Why use precision & recall as quality metrics
What is good performance for a classifier?
- Good performance is specific to the task. Sometimes accuracy may not be enough to determine performance.
- Consider accuracy of 90% in sentiment analyser. If 90% is negative, then it could just be picking 1 class.
- Other performance tools:
- Precision: did I predict the class correctly?
- Recall: did I predict all the positive classes as positive?
Precision & recall explained
Precision: fraction of positive predictions that are actually positive
- Predicted 10 positive reviews but only 7 of them are positive.
- Precision: 7/10
# true positives / (# true positives + # false positives)
- Best value = 1.0, worst = 0.0
Recall: fraction of positive data predicted to be positive
- Recall 10 positive reviews but 15 of them are positive.
- Recall: 10 / 15
# true positives / (# true positives + # false negatives)
- Best value = 1.0, worst = 0.0
The precision-recall tradeoff
Precision-recall extremes
- Optimistic model: high recall, low precision
- At extreme: predict all as positives all the time.
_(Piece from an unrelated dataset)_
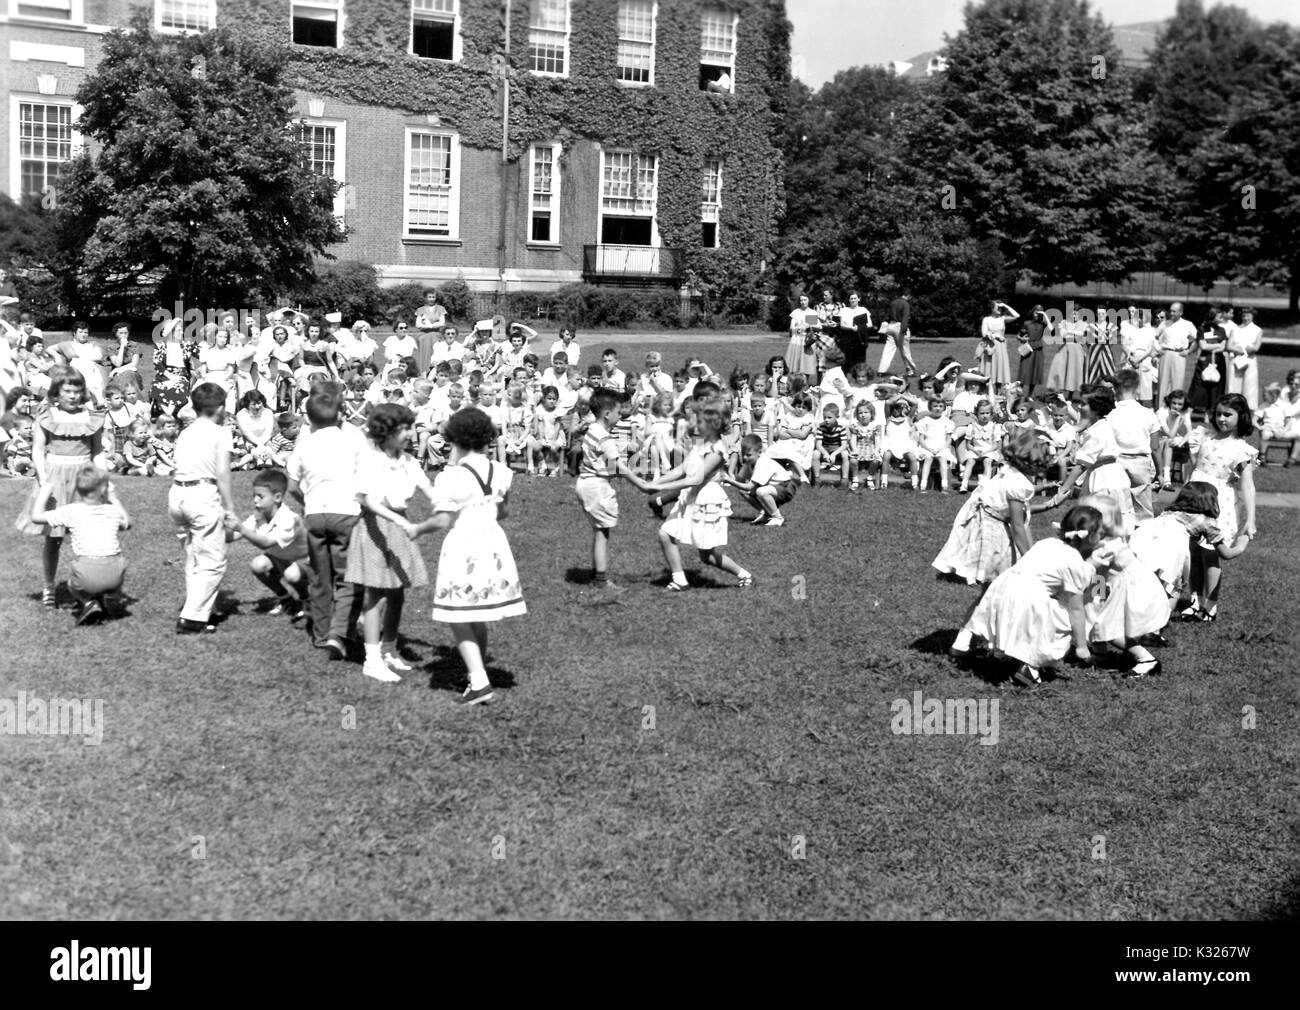 At the end of the school year for a demonstration school at Johns Hopkins University, young boys and girls put on a show in the grass on a sunny day, happily skipping and holding hands in front of an audience made up of classmates, teachers, and parents sitting and standing outside of an ivy-covered campus building, Baltimore, Maryland, June, 1950. Stock Photo

Low precision.
- Pessimistic model: predict positive only when sure.
- At extreme: say nothing is positive: 100% precision, low recall.
Precision-recall tradeoff
- Introduces parameter
t
which is the probability above which things are considered positive.
- ifP(y=+1∣xi)>t:y=+1
- Optimistic: t set low: t=0.001
- Pessimistic: t set high: t=0.999
Precision-recall curve
- Can compare models using "precision at k"
- Roughly: if you have 5 spots to place a positive article on your website, how many would actually be positive (4/5 = 0.8)